# Source information
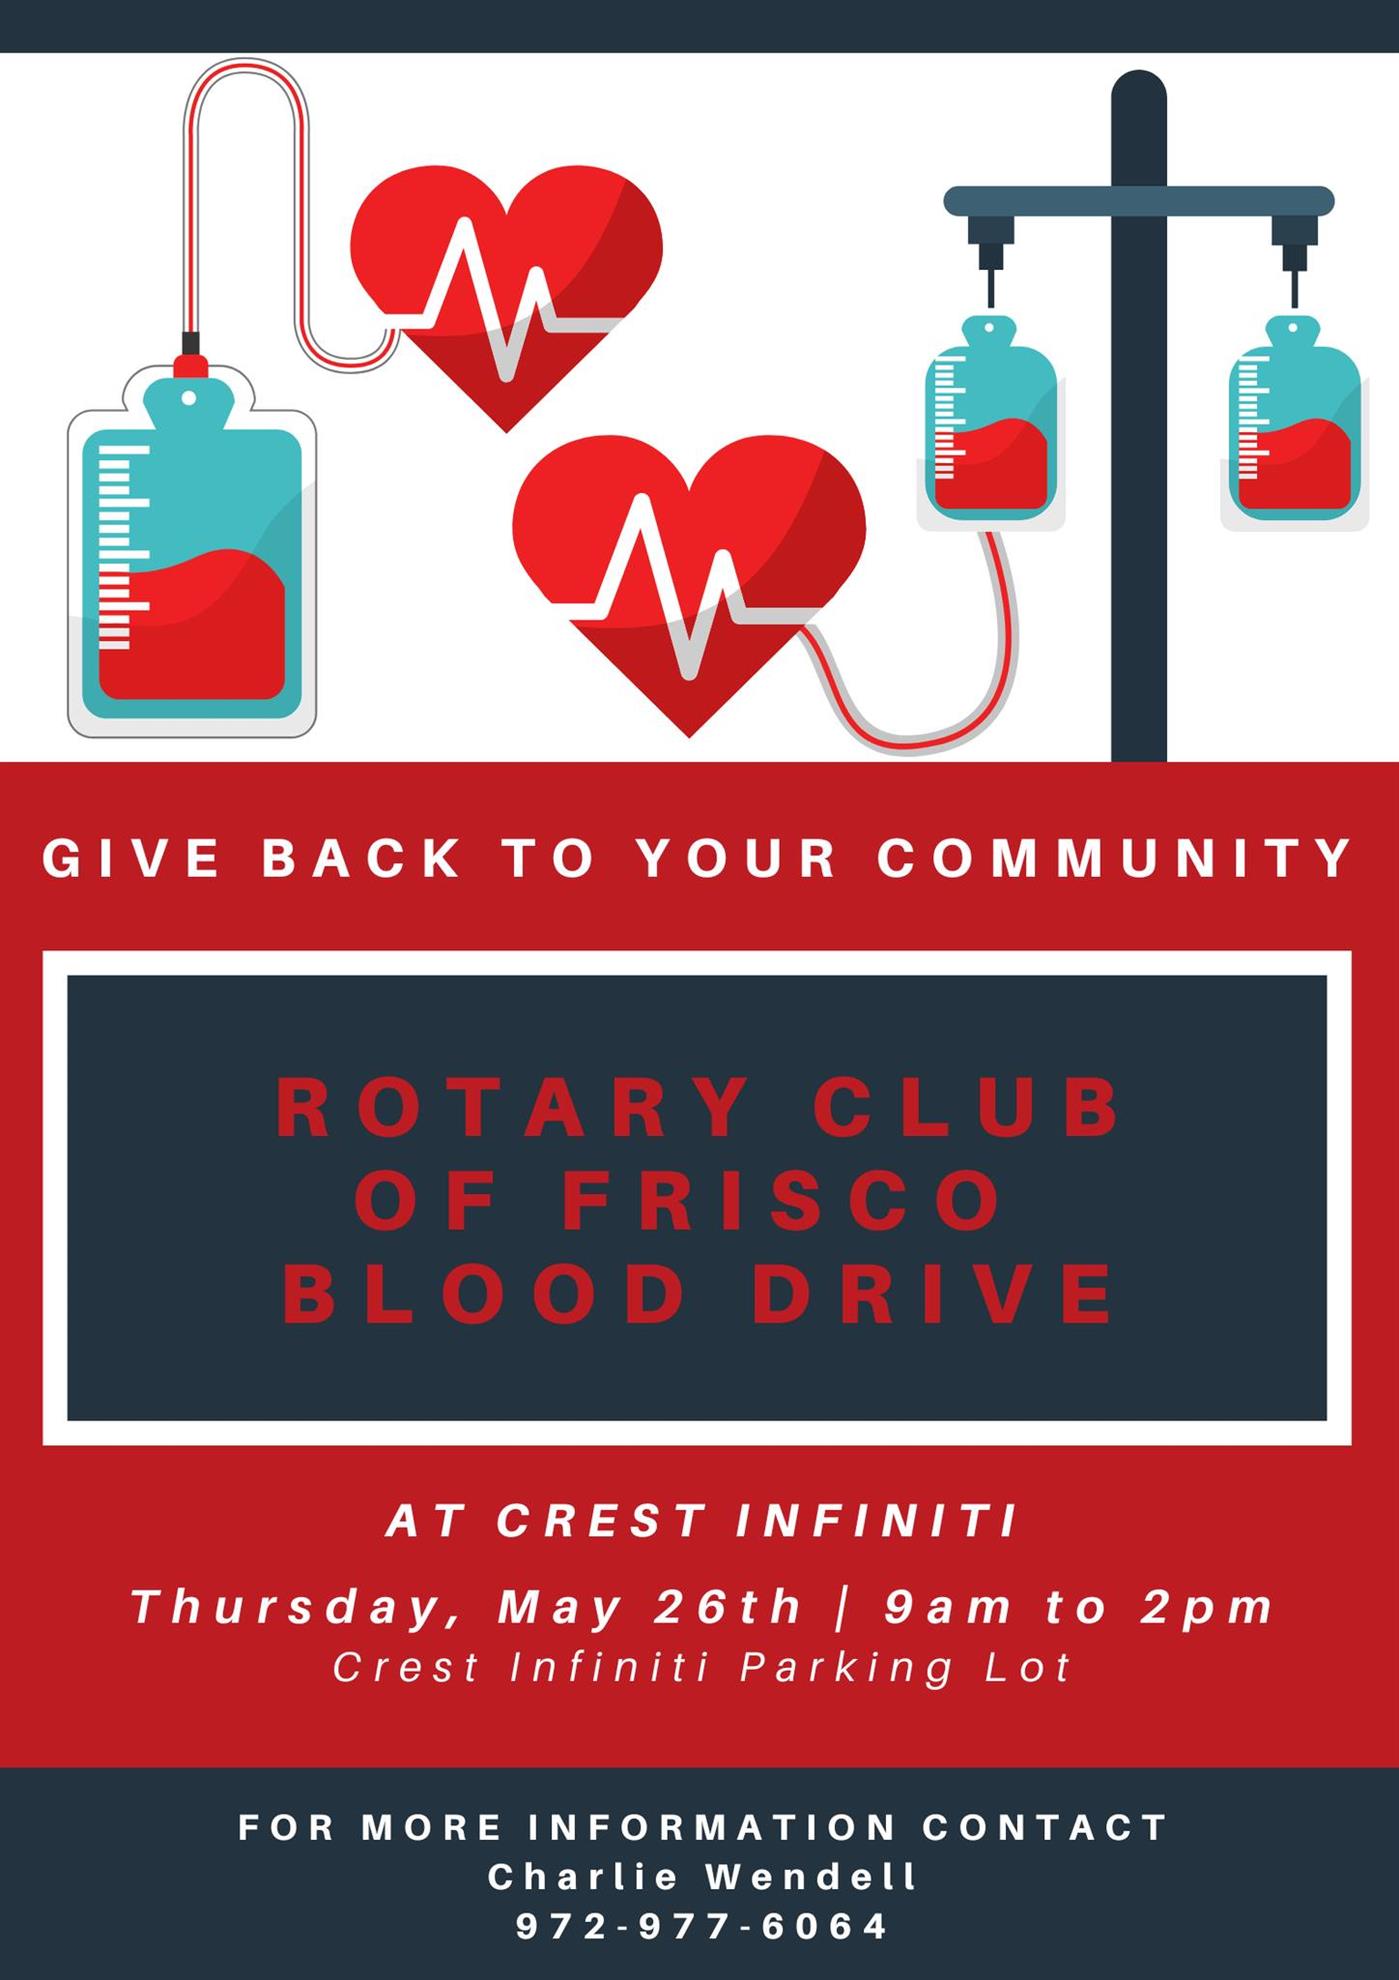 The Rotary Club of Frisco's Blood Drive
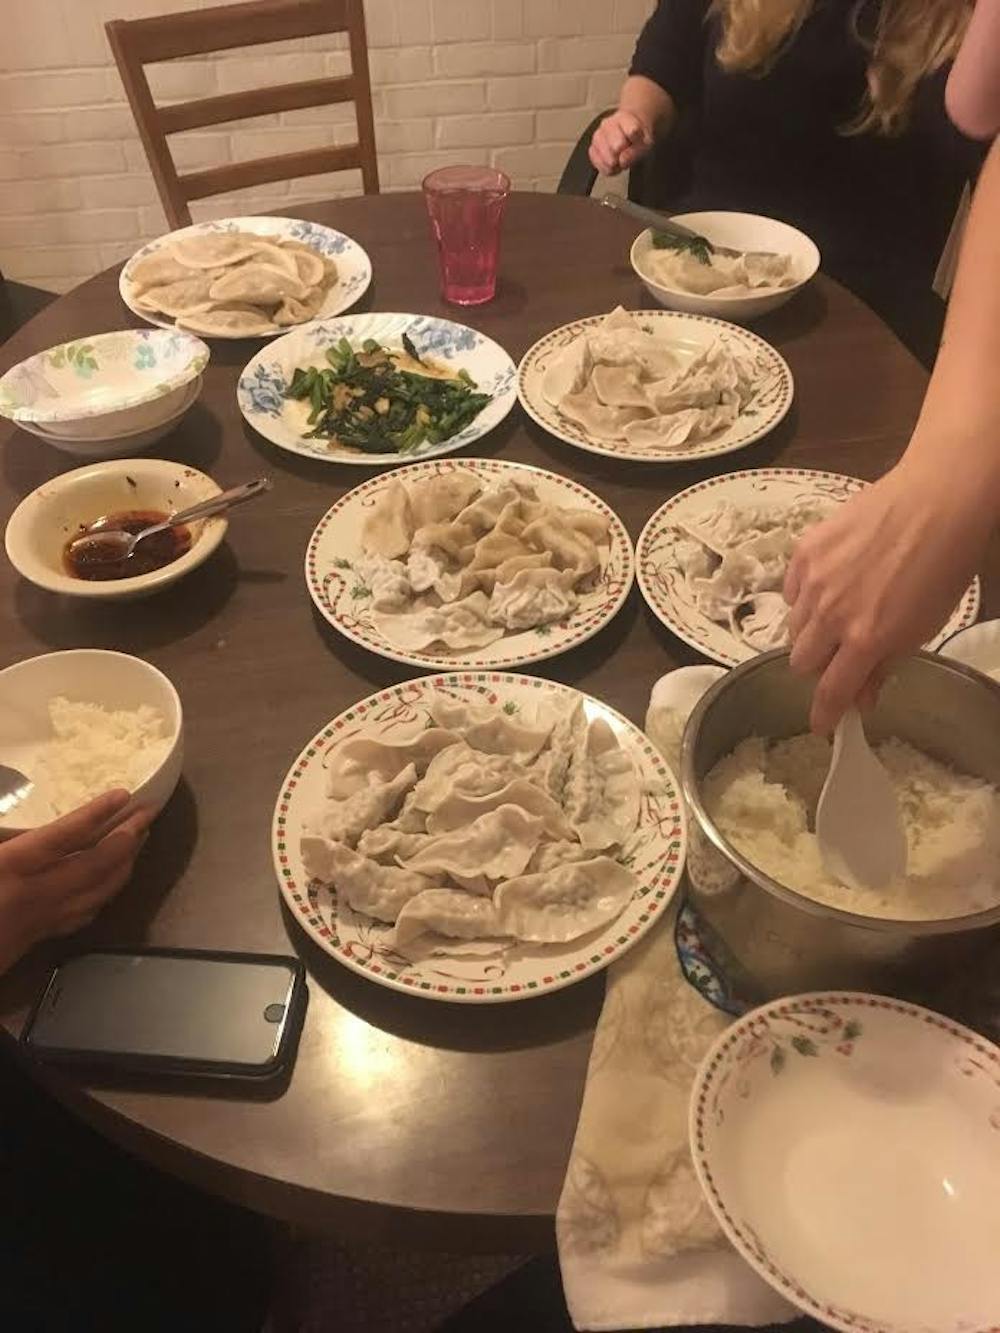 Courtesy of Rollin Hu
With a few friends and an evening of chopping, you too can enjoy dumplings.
==
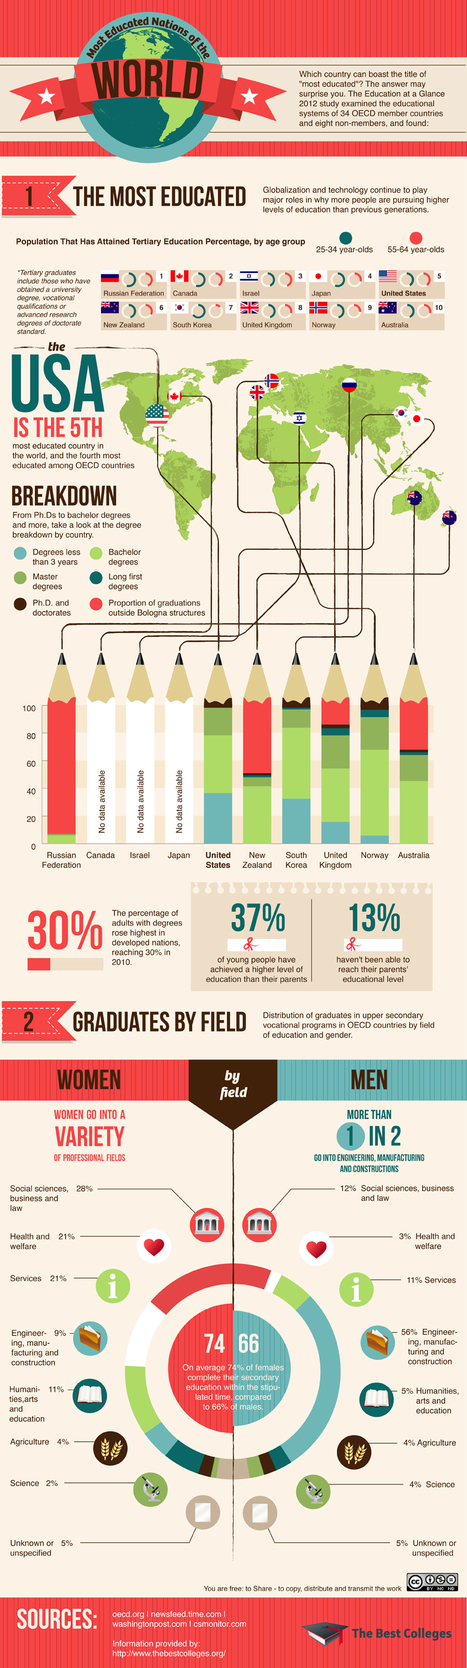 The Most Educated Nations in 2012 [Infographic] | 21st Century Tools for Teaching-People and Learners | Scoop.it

# Work to be completed
Nothing but the lines above, starting at the line that contains "The Rotary Club of Frisco's Blood Drive" and ending at the line that contains "With a few friends", should be given again, exactly and without the pictures.

# Answer box
 The Rotary Club of Frisco's Blood Drive
 Courtesy of Rollin Hu
With a few friends and an evening of chopping, you too can enjoy dumplings.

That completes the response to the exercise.